ケレンディア®は日本において、2つの第Ⅲ相臨床試験FIDELIO-DKD、FIGARO-DKDの結果に基づき、厚生労働省より「2型糖尿病を合併する慢性腎臓病 ただし、末期腎不全又は透析施行中の患者を除く。」を効能・効果として2022年3月に承認され、同6月よりバイエル薬品が販売しています。2025年12月には、第Ⅲ相臨床試験FINEARTS-HFの結果に基づき、「慢性心不全 ただし、慢性心不全の標準的な治療を受けている患者に限る。」の効能・効果が追加承認されました。一方、グローバルでは、2型糖尿病を合併するCKDの適応は米国、欧州連合(EU)など世界100カ国以上、また、慢性心不全の適応は米国、EUなどで承認されています。
【CKDについて】
日本には約2,000万人(成人5人に1人)のCKD患者がいると推定されていますが、死に至る危険があることはあまり認識されていません。
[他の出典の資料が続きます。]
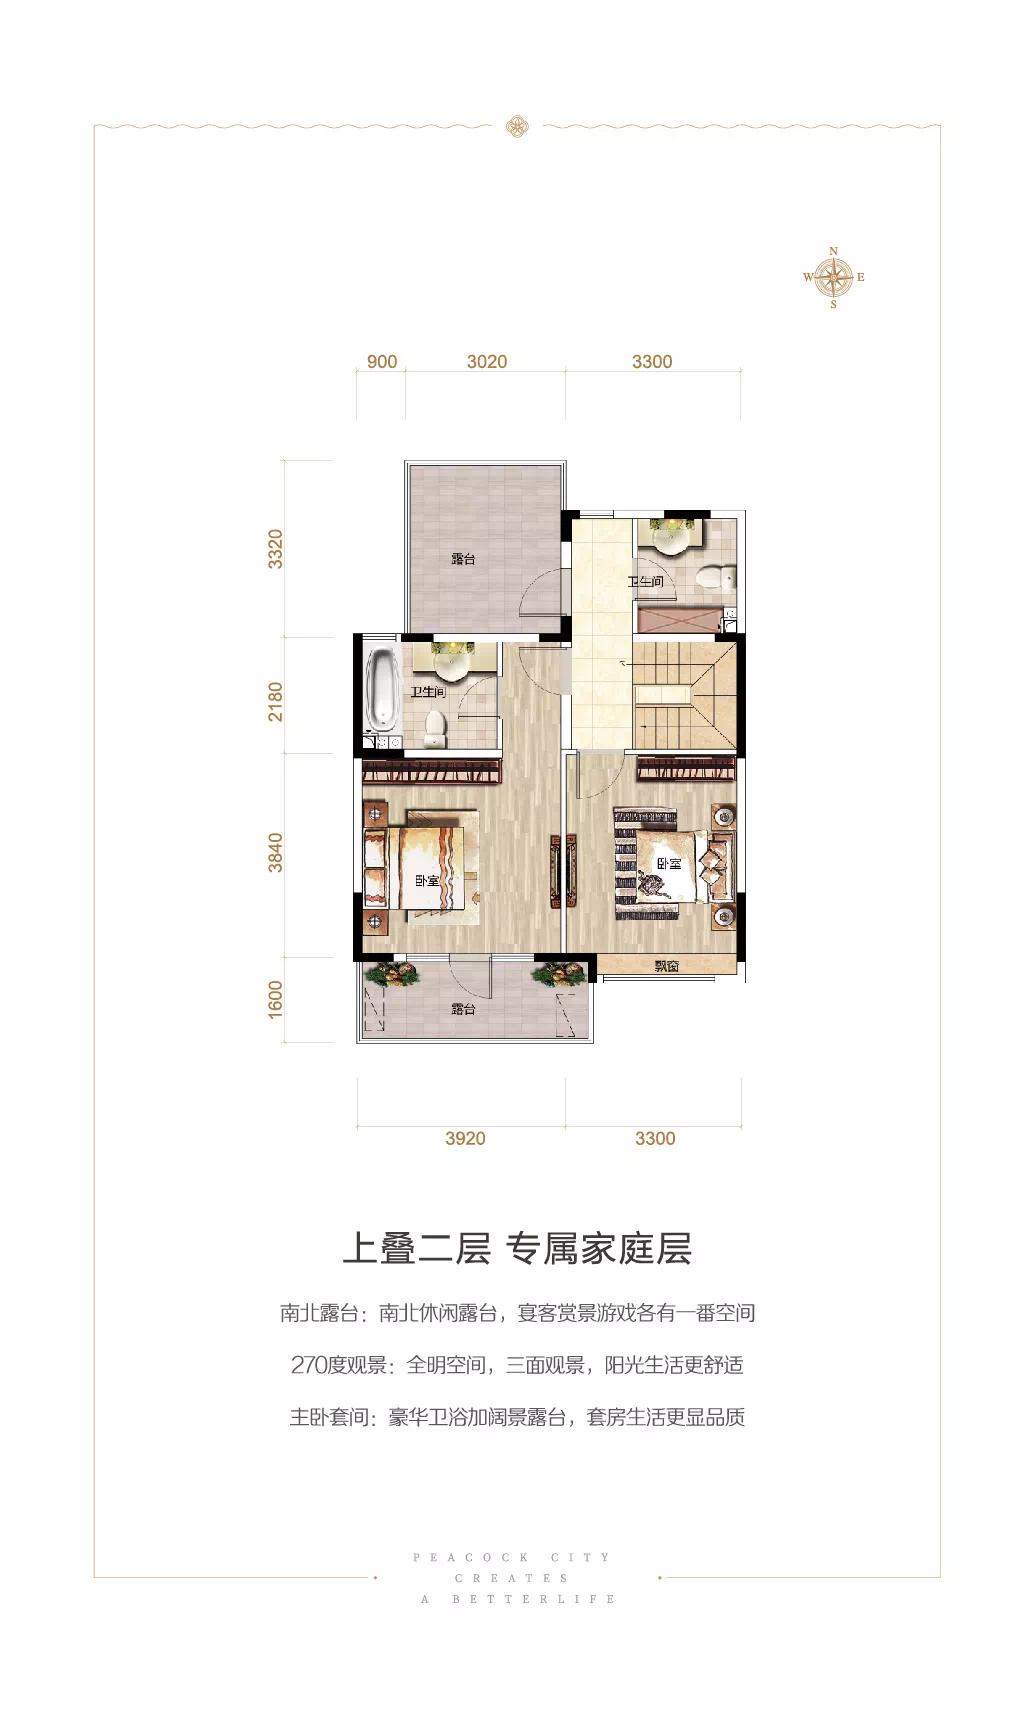 温泉新都孔雀城风情园项目全解析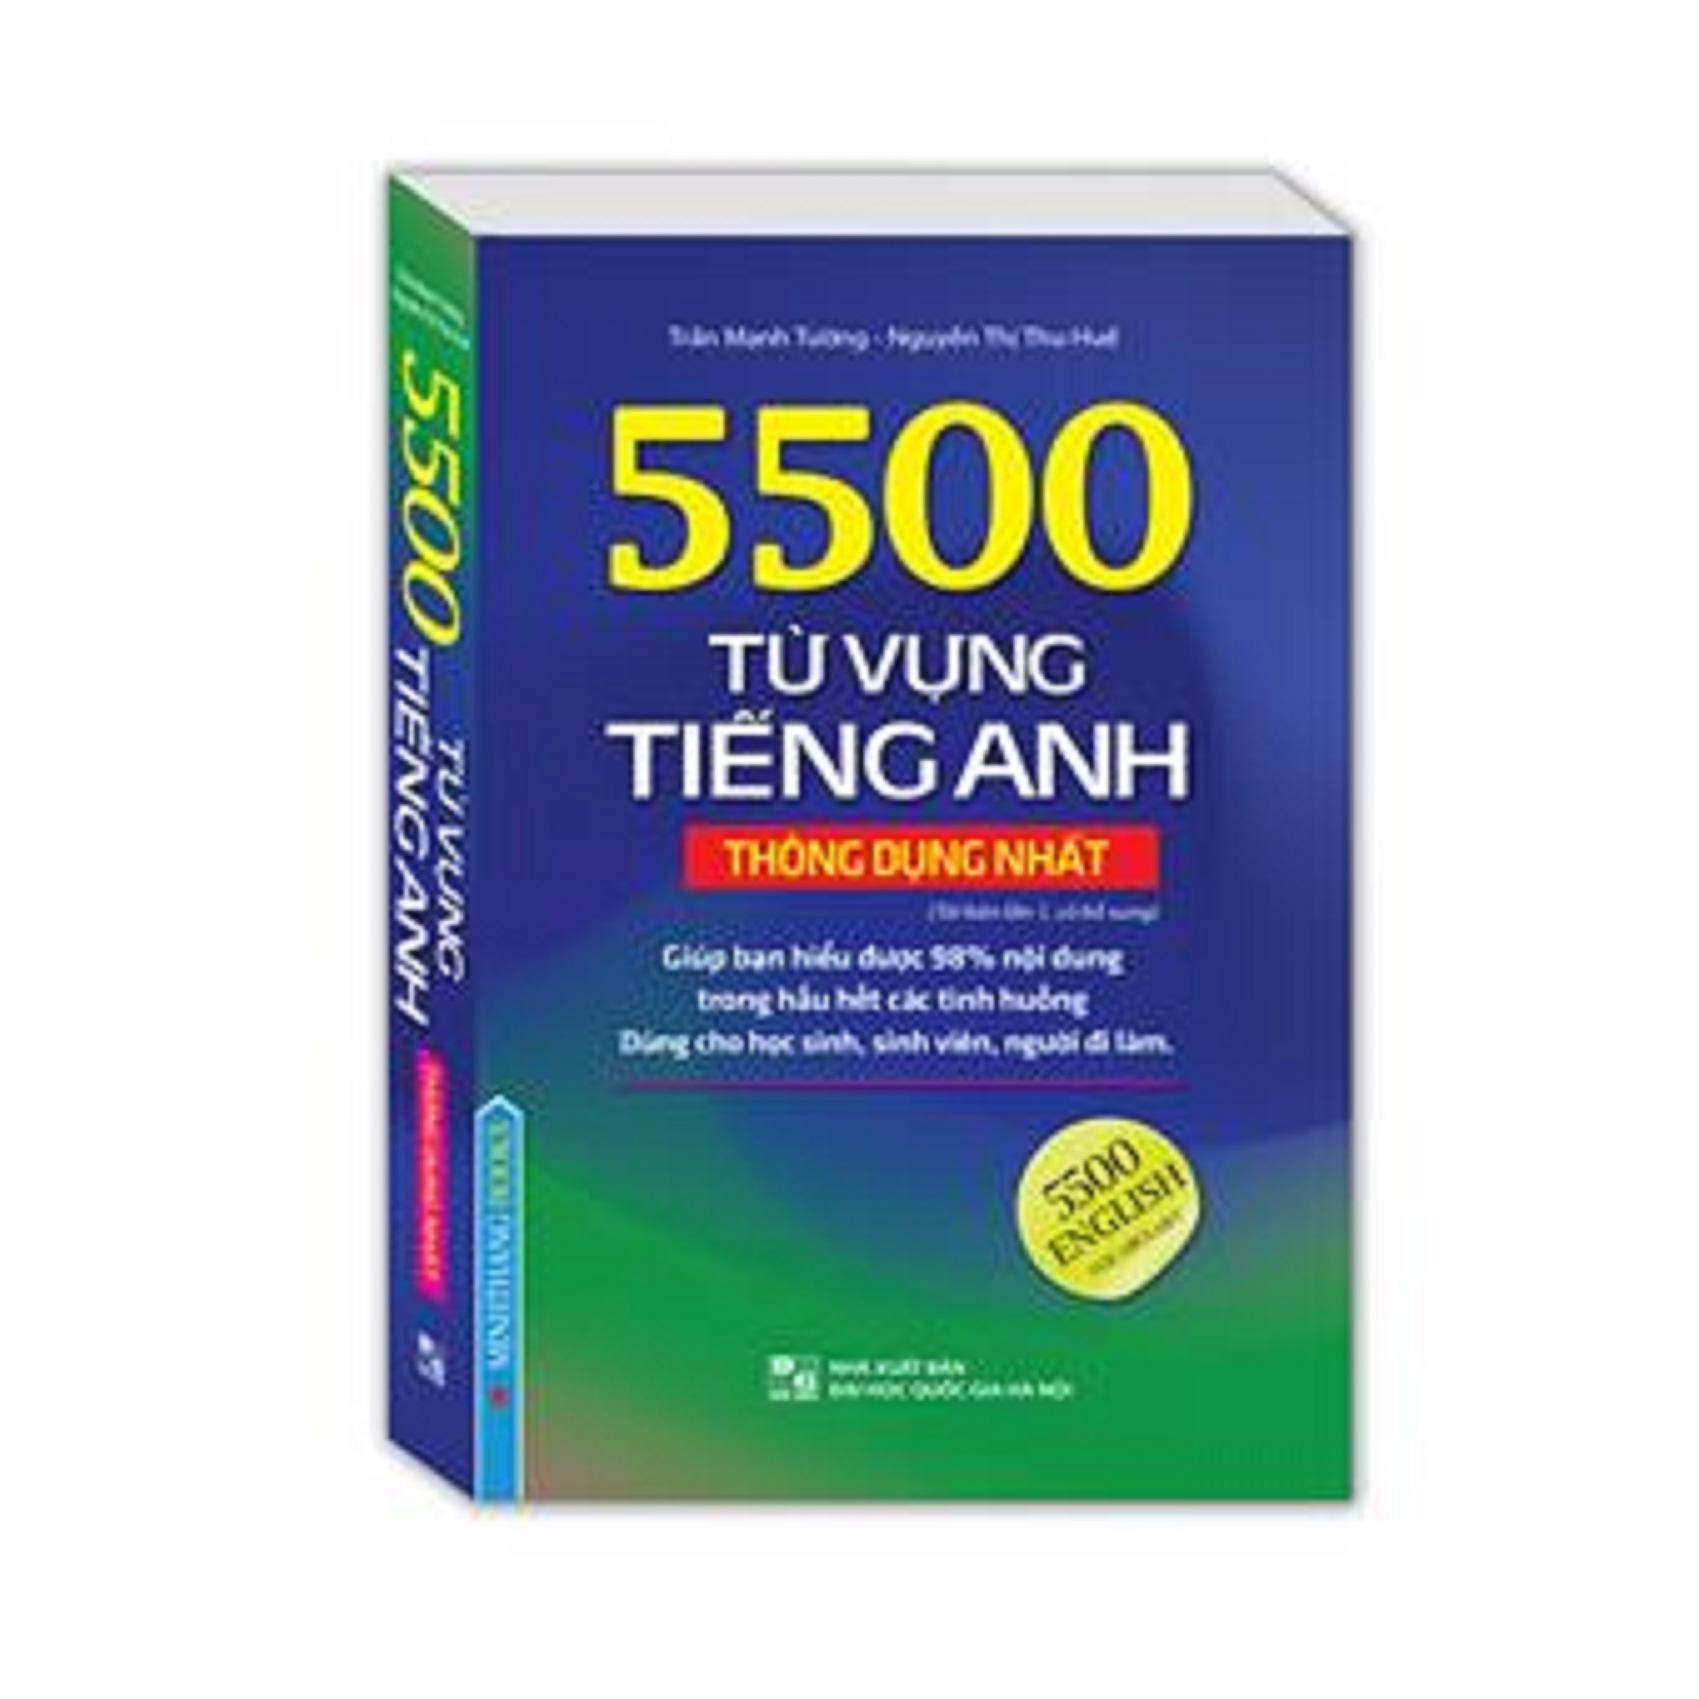 Mua 5500 từ vựng tiếng Anh thông dụng nhất (bản màu)

CKDの進行は静かで予測不能であり、進行するまで多くの症状は現れません。CKDが進行すると、患者さんは命をつなぐために透析や腎臓移植が必要になる場合があります。健康な腎臓は体内のフィルターとして機能し、血液から老廃物を取り除きます。また、体内の水分や電解質のバランスを調整し、血圧を調節する役割も担っています。腎機能が低下すると、患者さんには下肢のむくみ、日中の倦怠感、吐き気、筋けいれん、関節痛、混乱、集中力の低下、記憶障害など、さまざまな症状が現れる可能性があります。CKDの主な原因疾患としては、糖尿病、高血圧、糸球体疾患(IgA腎症、巣状分節性糸球体硬化症、膜性腎症など)が挙げられます。
※フィネレノンの日本における効能・効果のうち「2型糖尿病を合併する慢性腎臓病 ただし、末期腎不全又は透析施行中の患者を除く。」について: 日本人部分集団では、第III相臨床試験FIDELIO-DKDの主要評価項目の複合エンドポイントにおいて、フィネレノンのプラセボに対するハザード比は0.91であった一方で、同試験の主要評価項目の構成要素の腎不全、および第III相臨床試験FIGARO-DKDの副次評価項目の腎複合エンドポイントにおいては、フィネレノンのプラセボに対するハザード比が1を上回りました。試験の対象となった全体集団と比べて日本人ではフィネレノンの腎不全への進展抑制効果が弱い可能性があります。
References:
1. Heerspink HJL et al. N Engl J Med. 2026 Jun 4. doi:10.1056/NEJMoa2604625.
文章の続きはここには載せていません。